Caminaba sola. Quizás
con gente a mi alrededor, pero sola. Ya era una costumbre muy rara, una
naturalización inesperada. Era la eterna oportunidad que se desplegaba hacia el
futuro sin medir las consecuencias. Mientras tanto un juego de sombras me
perseguía en la ciudad. Brillaba de a ratos, me opacaba bastante y así, en ese,
otro de los tantos ciclos, convivimos bastante.
En otro vaivén del
tiempo, quedé totalmente aplastada por la lluvia, devastada. No podía salir de
esa circularidad indigna que me envolvió en la más infinita tristeza.
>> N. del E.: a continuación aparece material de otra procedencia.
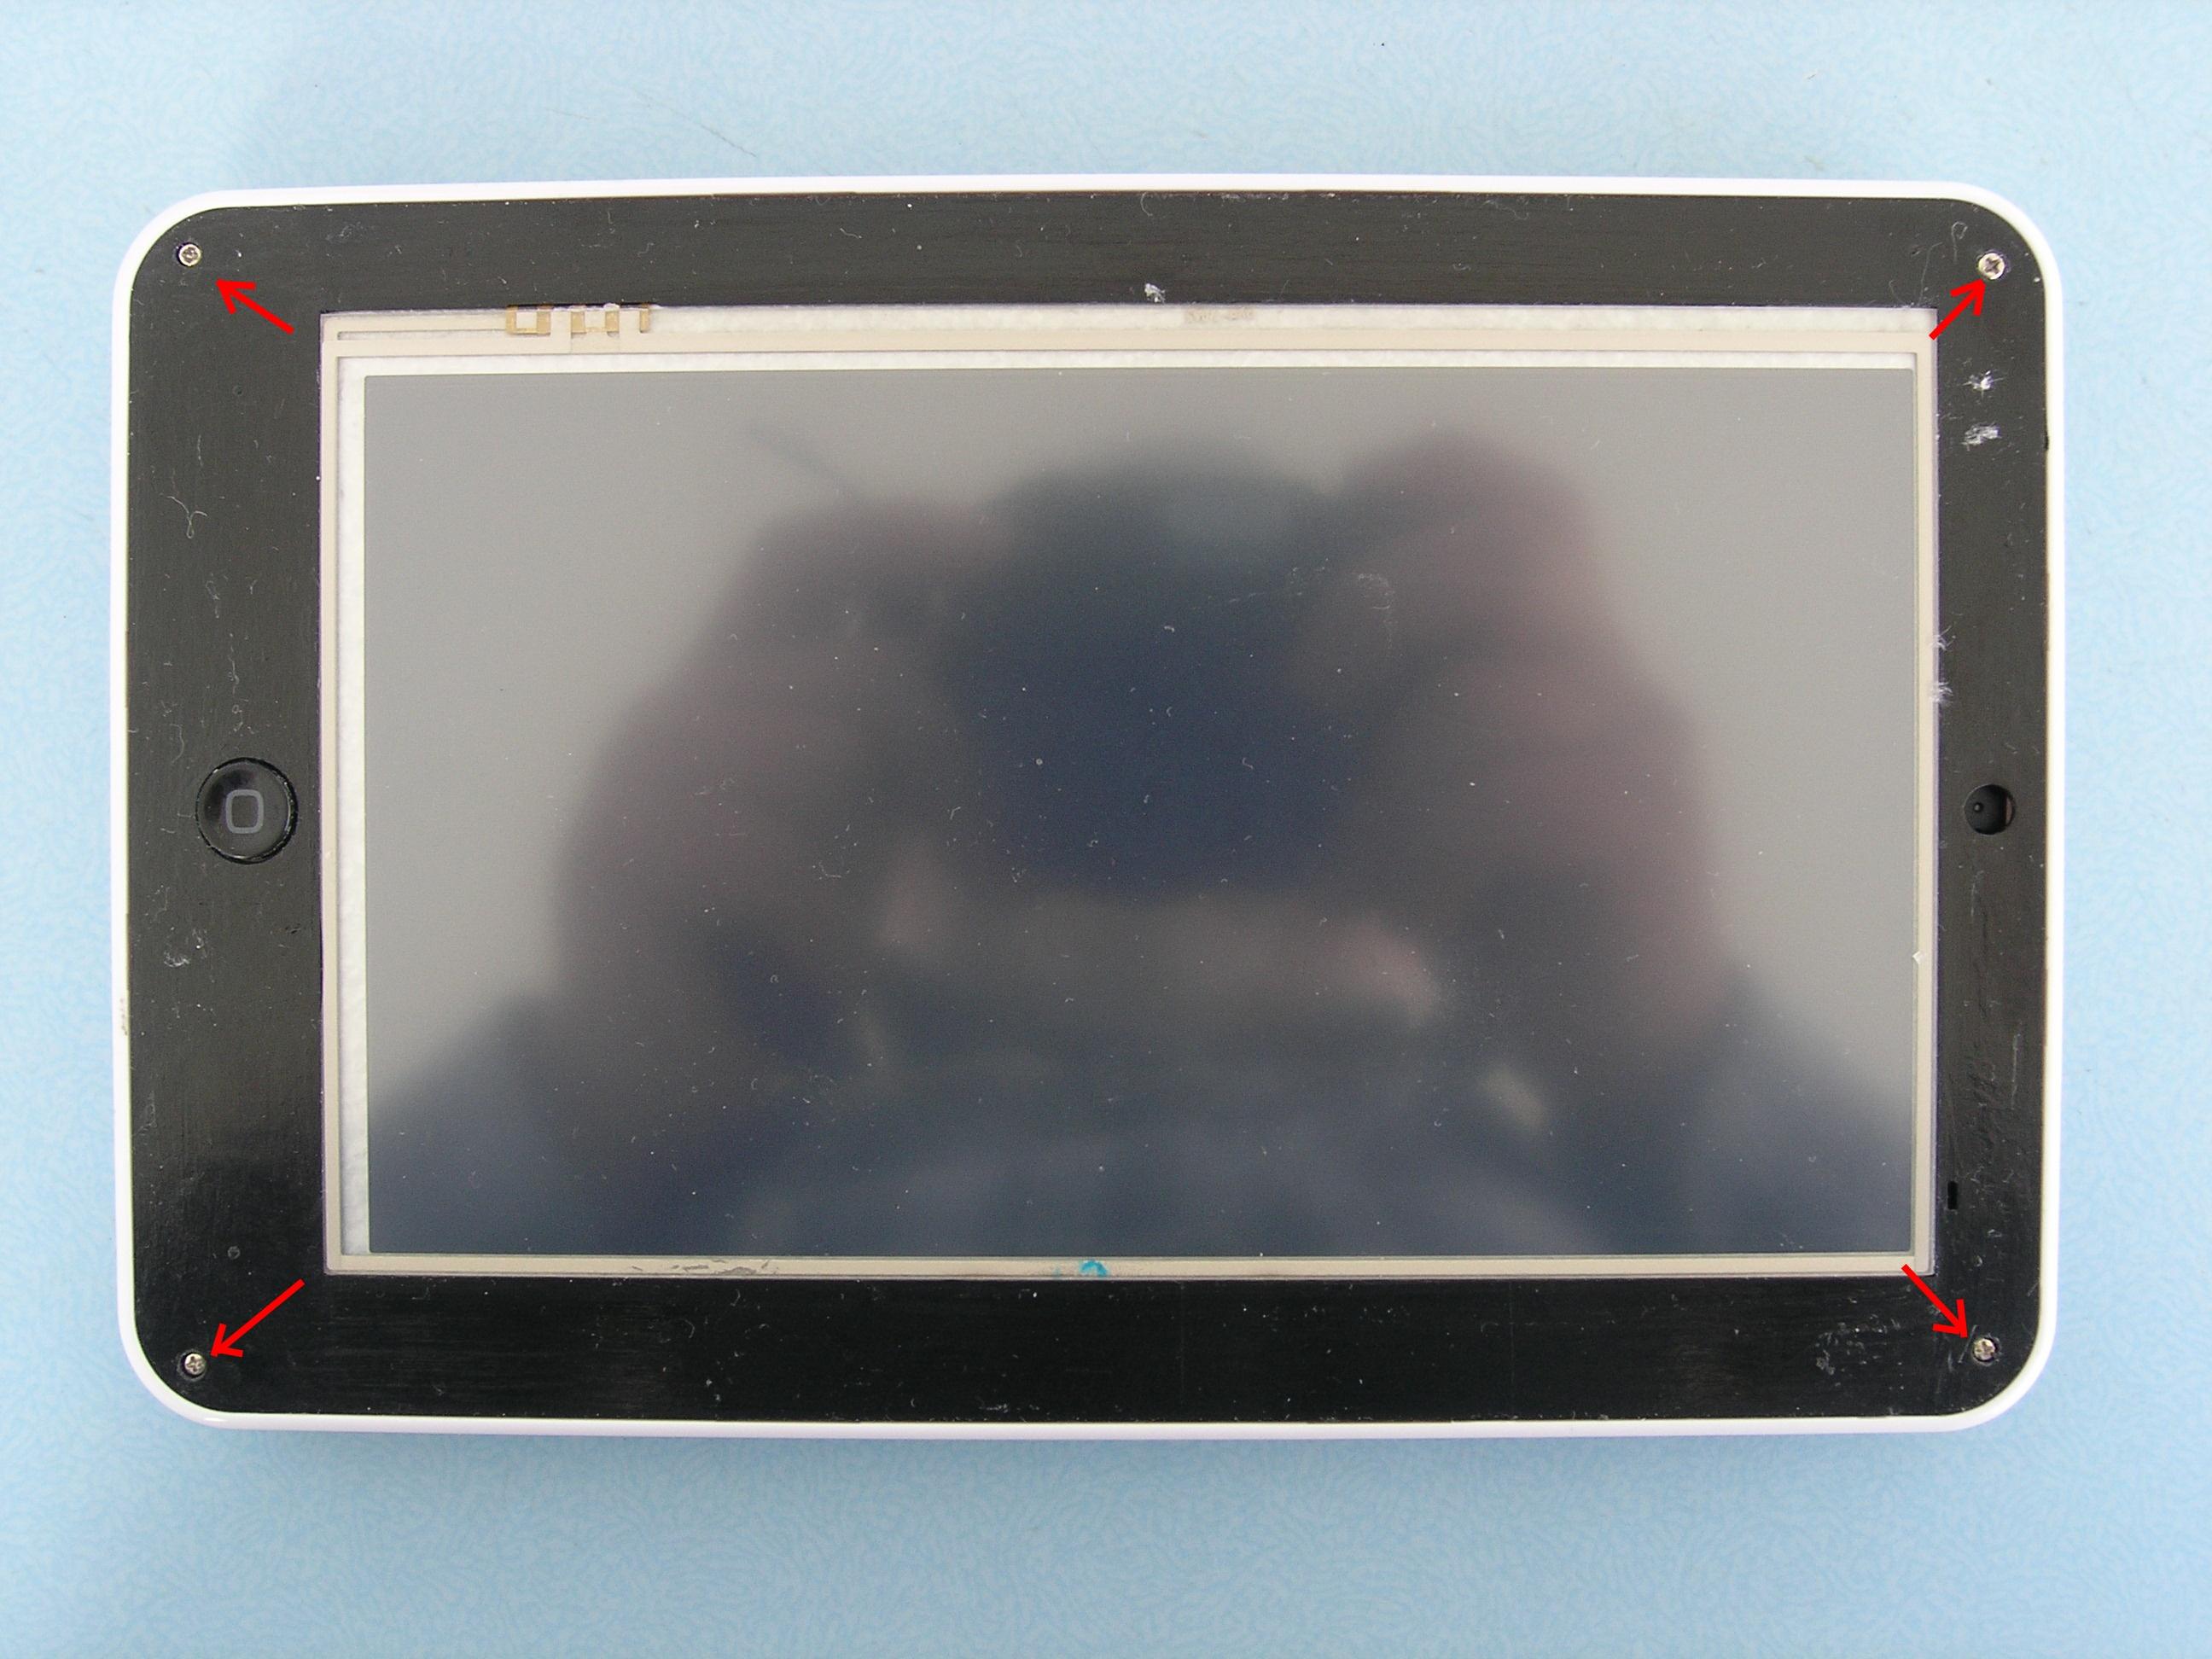 Chi�ski tablet MID - jak otworzy� obudow� ....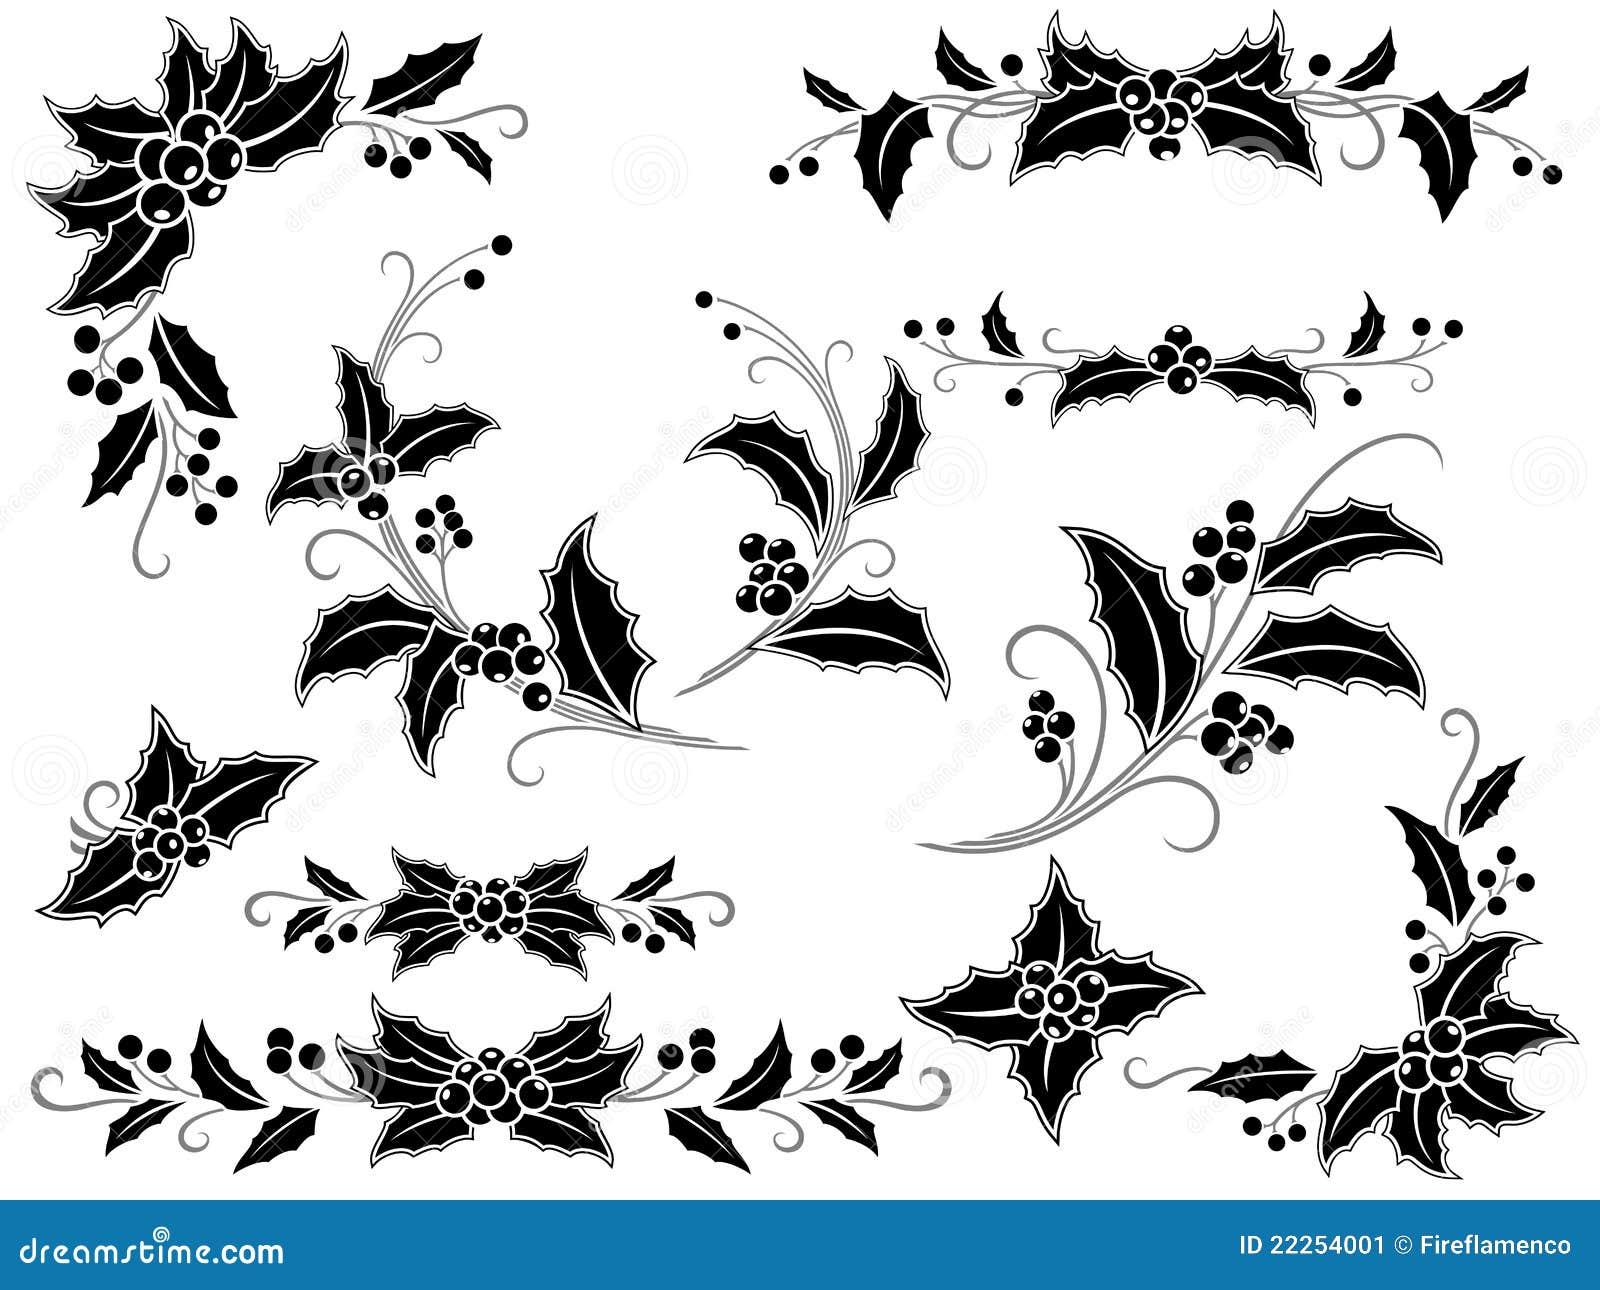 bf7d8b6e81 Decorazione In Bianco E Nero Dell'agrifoglio Di Natale Illustrazione ...

Todo era
confuso, los días, la vida, las calles del centro. A la noche temblaba de miedo
y una seguidilla de preguntabas rondaban en mis hemisferios, derecho e izquierdo
y viceversa.
En esos momentos, en
que uno pierde todo tipo de nociones, la lluvia inmensa se convirtió en cause. Por
medio de las tecnologías empezamos a rondarnos, como los cangrejos
cuando quieren aparearse. Él llegaba, yo lo esperaba, y una corriente de viento
solar me partía en dos cada una de mis piernas y caía a un suelo que no era el
típico. Esa ronda victoriosa, ese cortejo incaudicable, empezó a atravesar las
sombras, la tristeza, los puentes rotos que me conectaban con la actividad. Una
noche bailamos, hacía calor, era febrero. Estábamos rodeados de gente, que yo
empezaba a reconocer porque tenían un rostro, también una pena, pero todos
bailábamos y tomábamos cerveza, contentos de este telón.
Me
manejaba en un campo magnético que sacudía hacia todos los lados, girando
siempre en torno a nuestros polos, que bien diversos, se empezaban a conjugar.
Me devolvió una luz y yo le devolví un poema. Me levanté en un feriado, a
mediados de marzo, con un impulso a las teclas que no podía controlar. Con una
mezcla de vergüenza y osadía, escribí muchos versos. Le dije, de una manera preciosa, que se encontraba en el inventario de las
energías más potentes de la vida. Nada me podía detener hasta cerrar esas ideas
que desplegaban gramática y sentido. Y ese fue tal vez, el punto de partida.
El rojo se ponía más
denso, los demás colores, el azul. Pasaba el tiempo y las pasiones se
desvanecían en actos y volvían a resurgir en sonidos y otras cosas. Las
tormentas solares se hacían presentes. Las certezas eran cada vez más
profundas. Las dudas también. El alma estallaba de actividad, se desmenuzaba en
quinientas partecitas, volvía a reconstruirse y otra vez el círculo y las etapas
bien raras.
Al
abrir las persianas todo supo ser más fácil. Ese amarillo incandescente, el
surgir de la mañana, tras mañana, tras mañana. Los días con sus vueltas y los
terribles cambios climáticos. Se produjo esa evolución estelar que me llamaba a
tener demasiadas convicciones. Algunas tardes volábamos, nos escapamos cuarenta
kilómetros en colectivo y caminábamos; otras noches nos veíamos involucrados en
la mafia de Brando: la delicia de pernoctar.
Él
y sus manos me abrieron las puertas de la extrema fuerza de voluntad. Admiro
esas extremidades cuando recrean la geometría descomunal. Su presencia se hace
viva en lo que inventa con el paso de las horas; y yo resucito en cada línea y
escribo cosas en una libreta, que surgen espontaneas, para no olvidarlas.
Es
en esa polaridad solar extraordinaria que fluyen nuestras energías. Sus rayos
me siguen atrapando y fundiendo en esto que es tan misterioso como la muerte
misma. Yo soy arbitrariamente otra desde que bailamos esa noche, en la que
comencé por reconocer algunas caras. Él sabe ser esa luz fotosintética que
todos necesitamos para crecer y transpirar, y a eso lo llamo el ciclo divino.
* feliz cumpleaños a la persona más linda de este planeta lleno de agua y flotadores.